**Work instruction**
Would you retype the whole listing exactly, leaving its pictures out?

**Data excerpt**
---
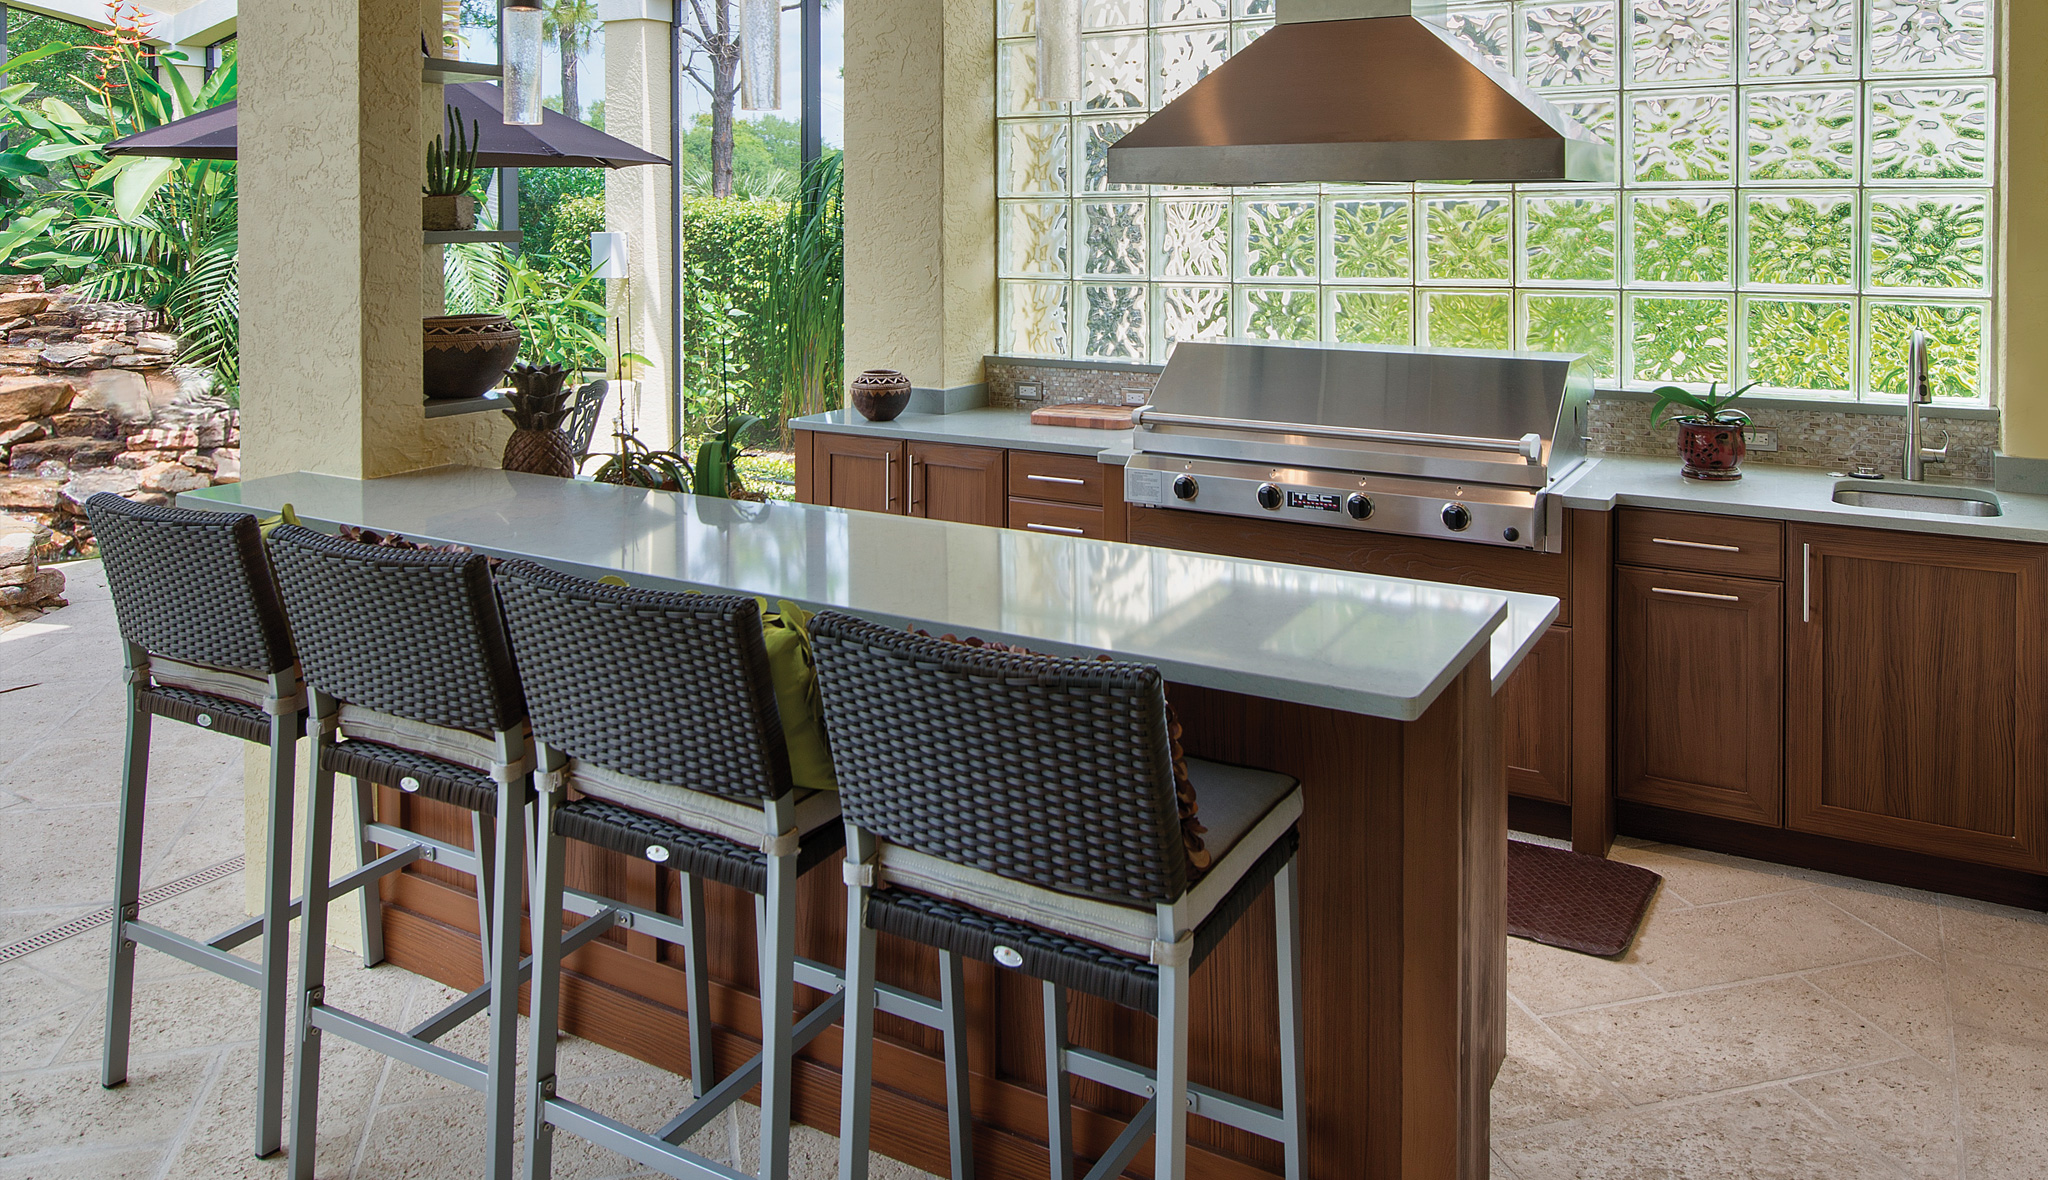 outdoor-summer-kitchen-cabinets-in-melbourne-FL-by-Hammond-Kitchens-and-Bath-slide-3
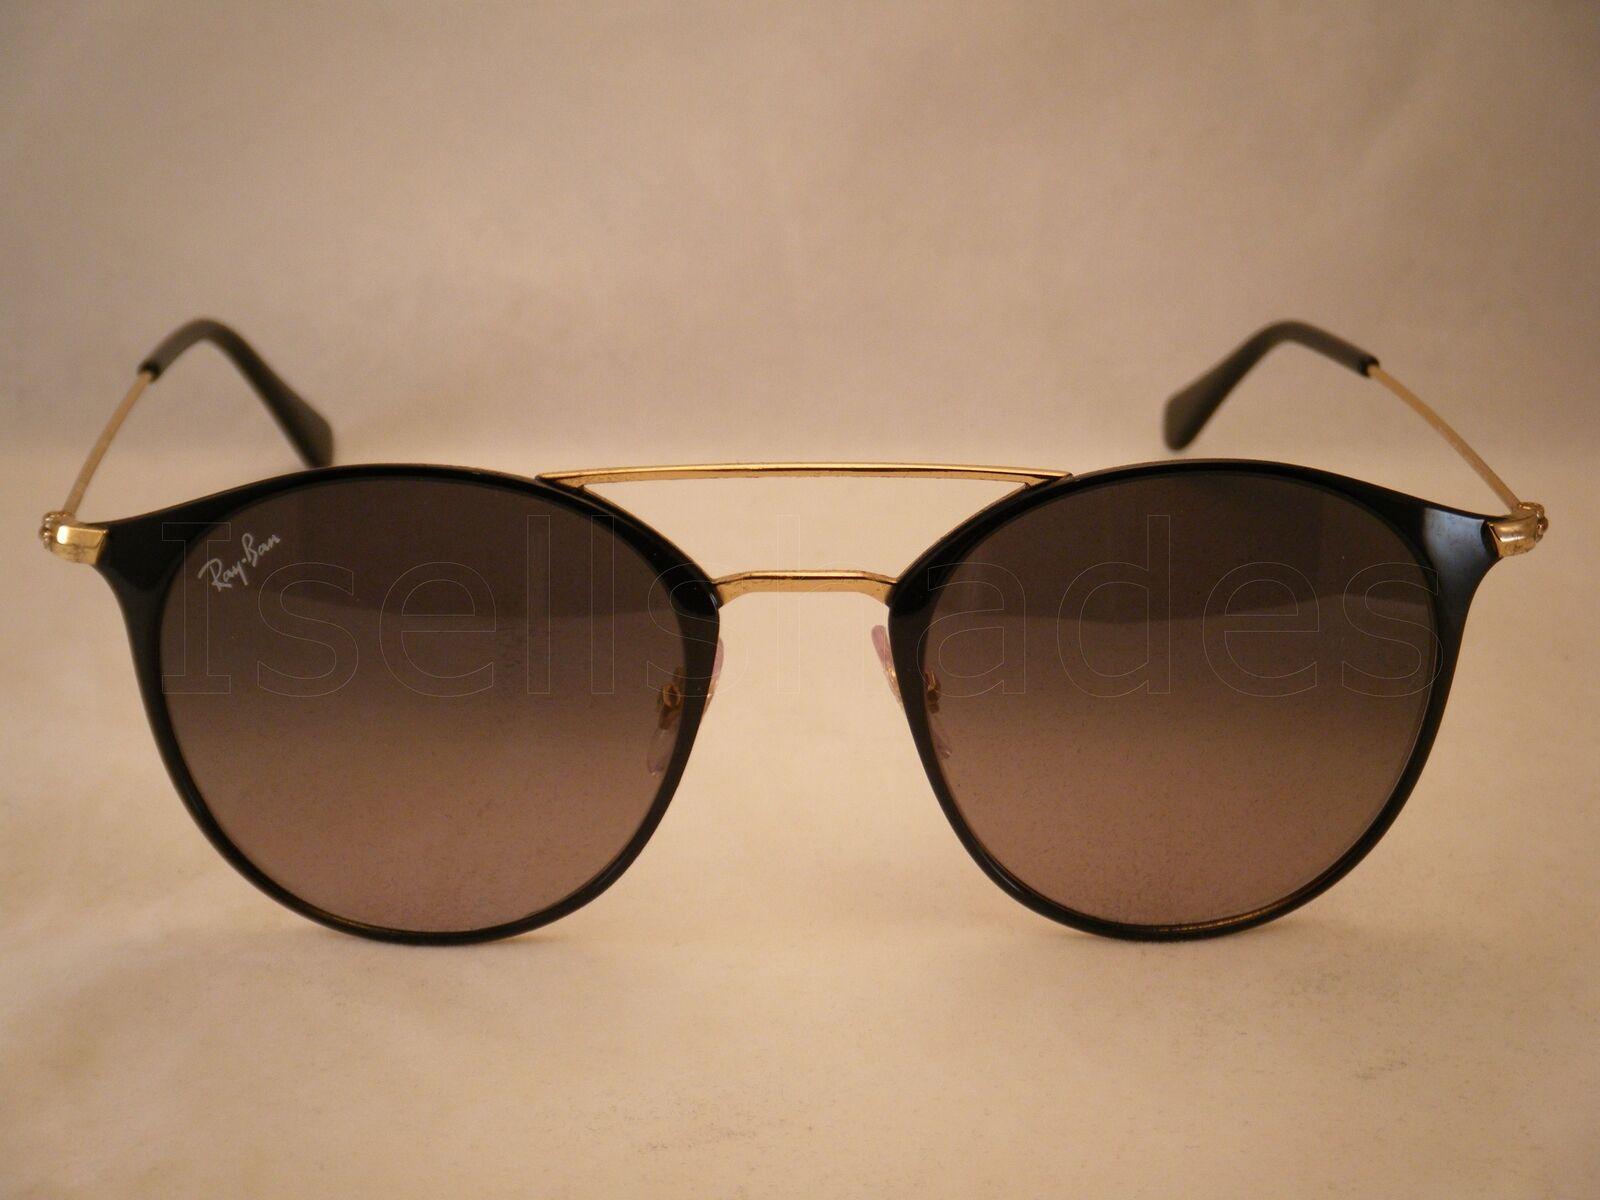 6aa489afc Ray-Ban Rb3546 187/71 Gold Black Frame Crystal Grey Shaded Lens ...
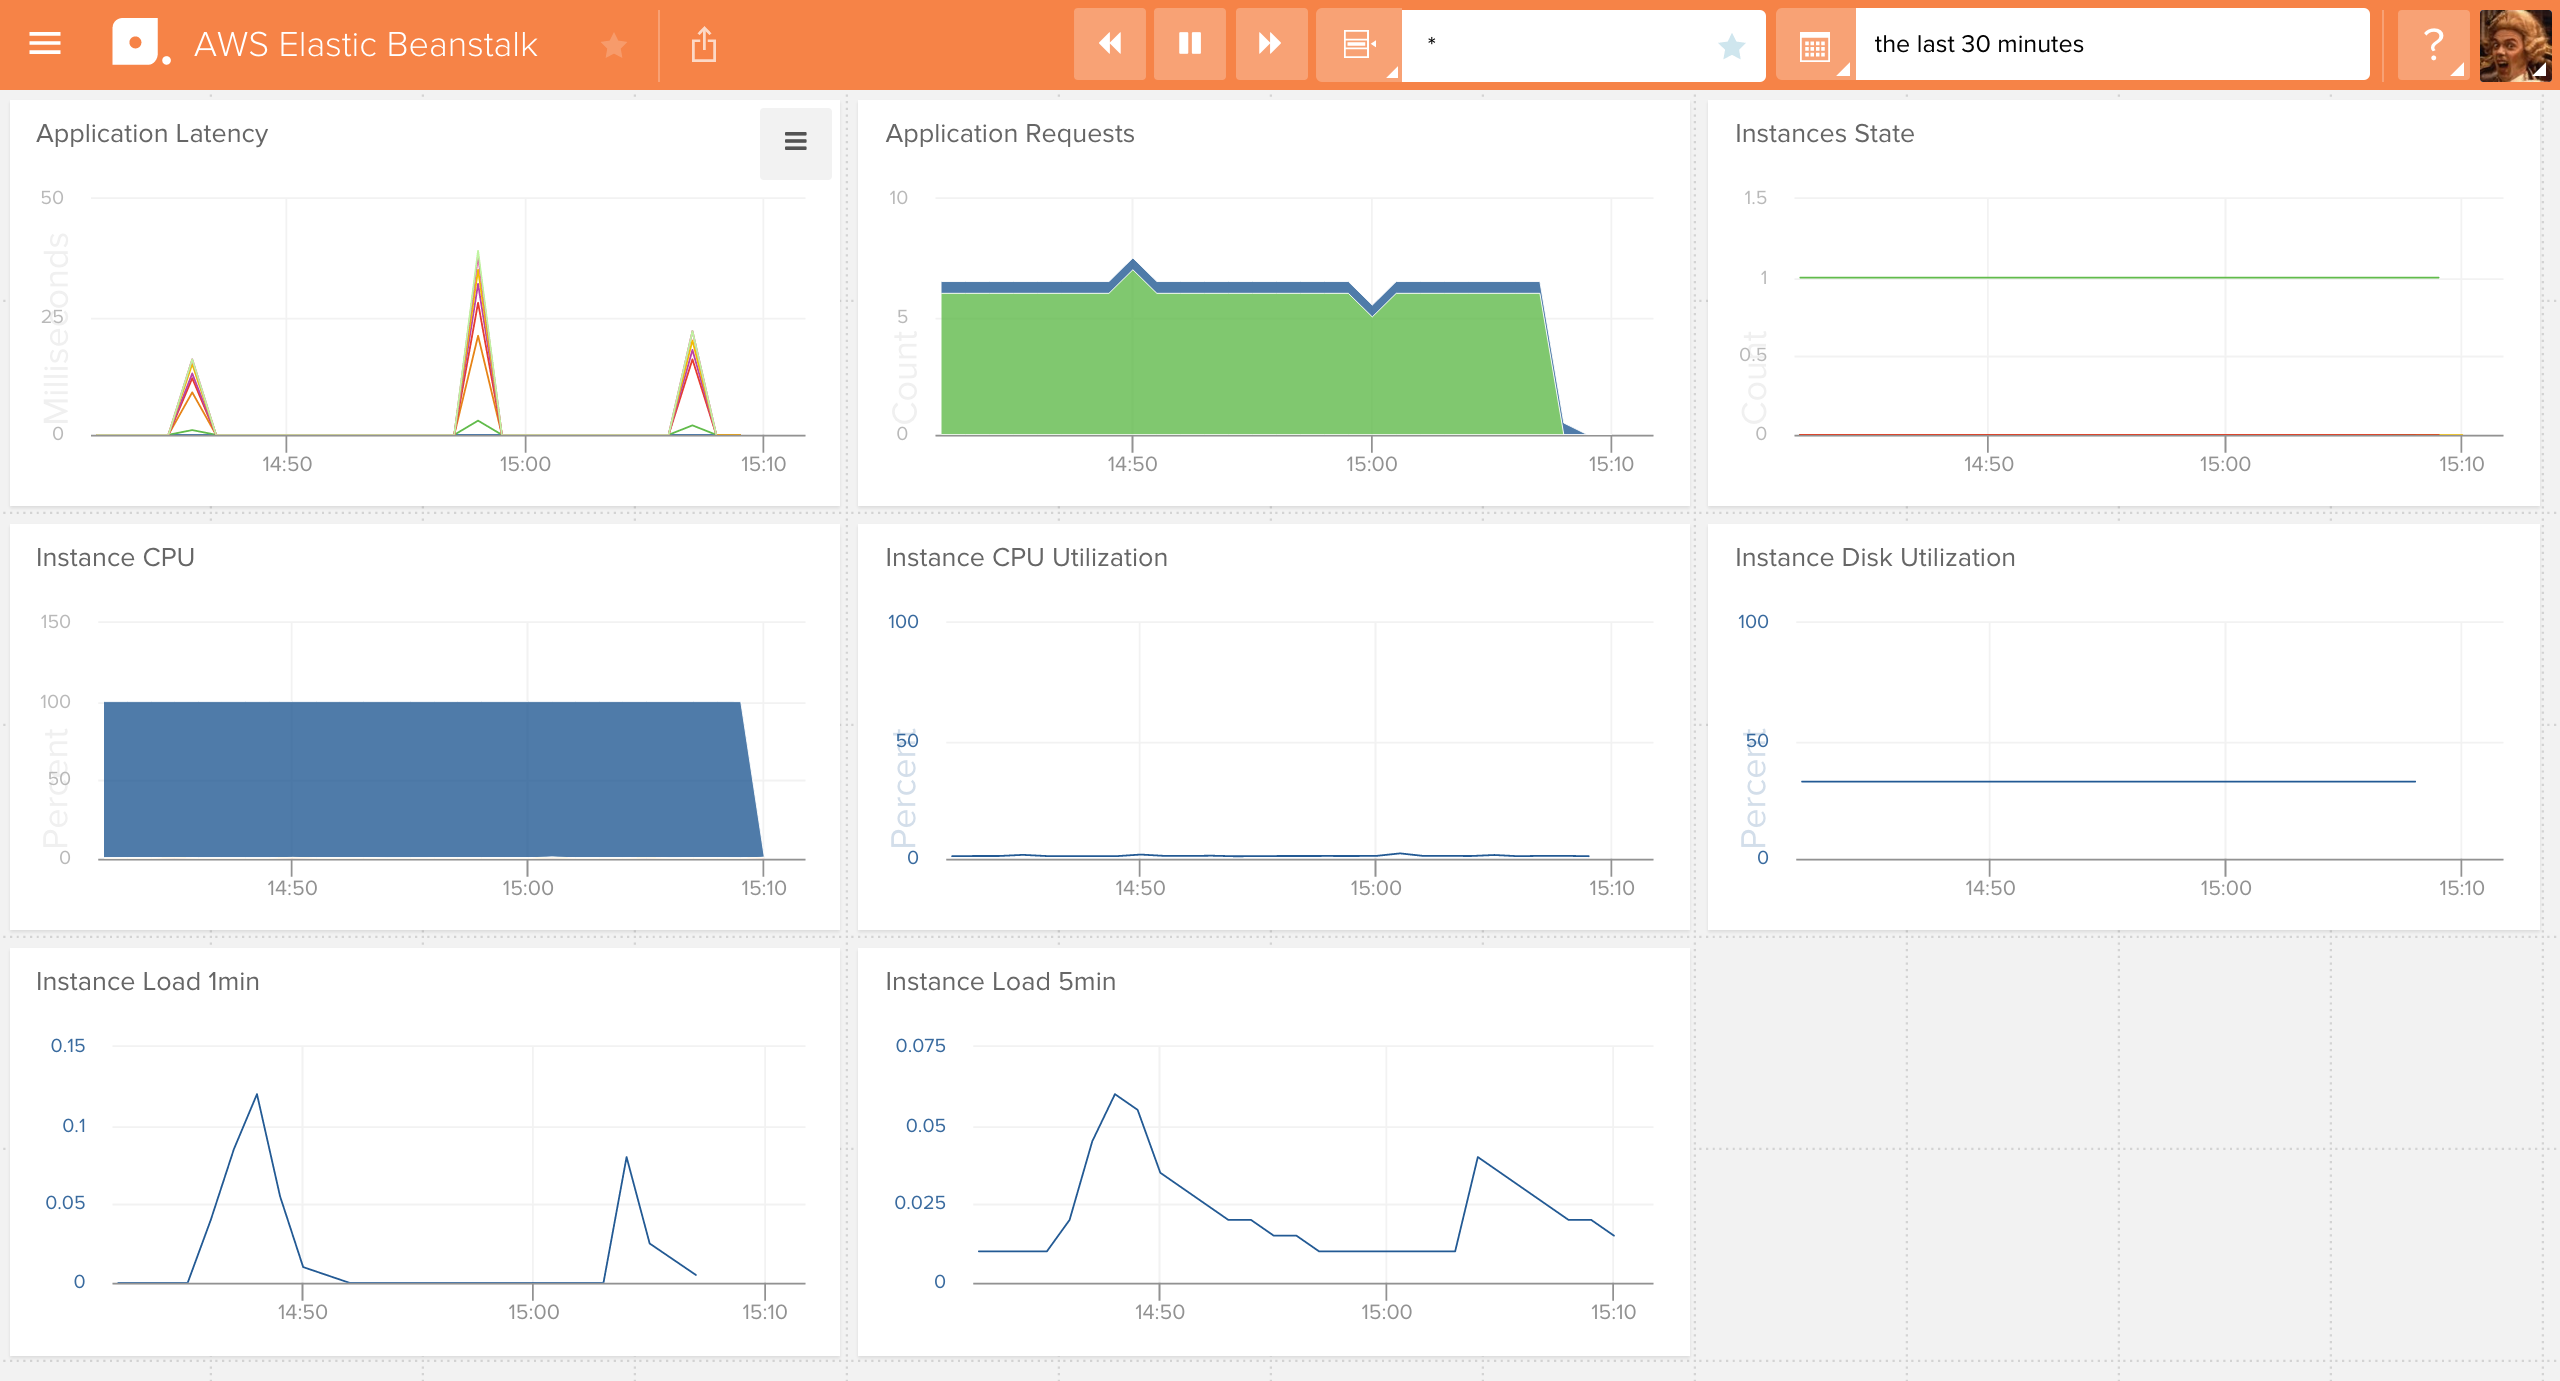 AWS CloudWatch: Elastic Beanstalk enhanced health metrics
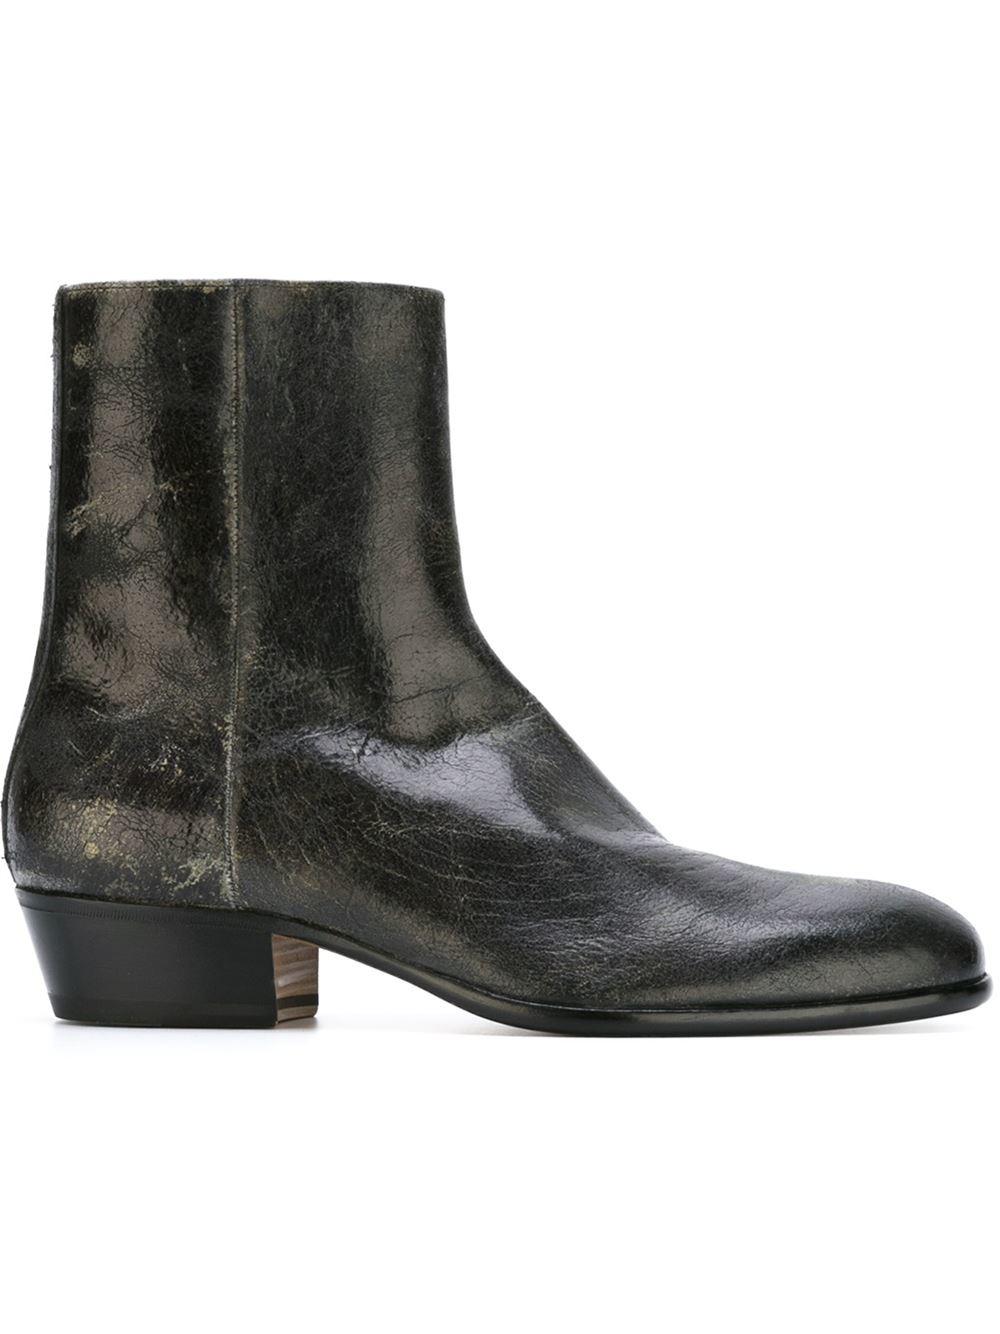 Maison Margiela Leather Cuban Heel
---
**Output for this exercise**
 outdoor-summer-kitchen-cabinets-in-melbourne-FL-by-Hammond-Kitchens-and-Bath-slide-3
 6aa489afc Ray-Ban Rb3546 187/71 Gold Black Frame Crystal Grey Shaded Lens ...
 AWS CloudWatch: Elastic Beanstalk enhanced health metrics
 Maison Margiela Leather Cuban Heel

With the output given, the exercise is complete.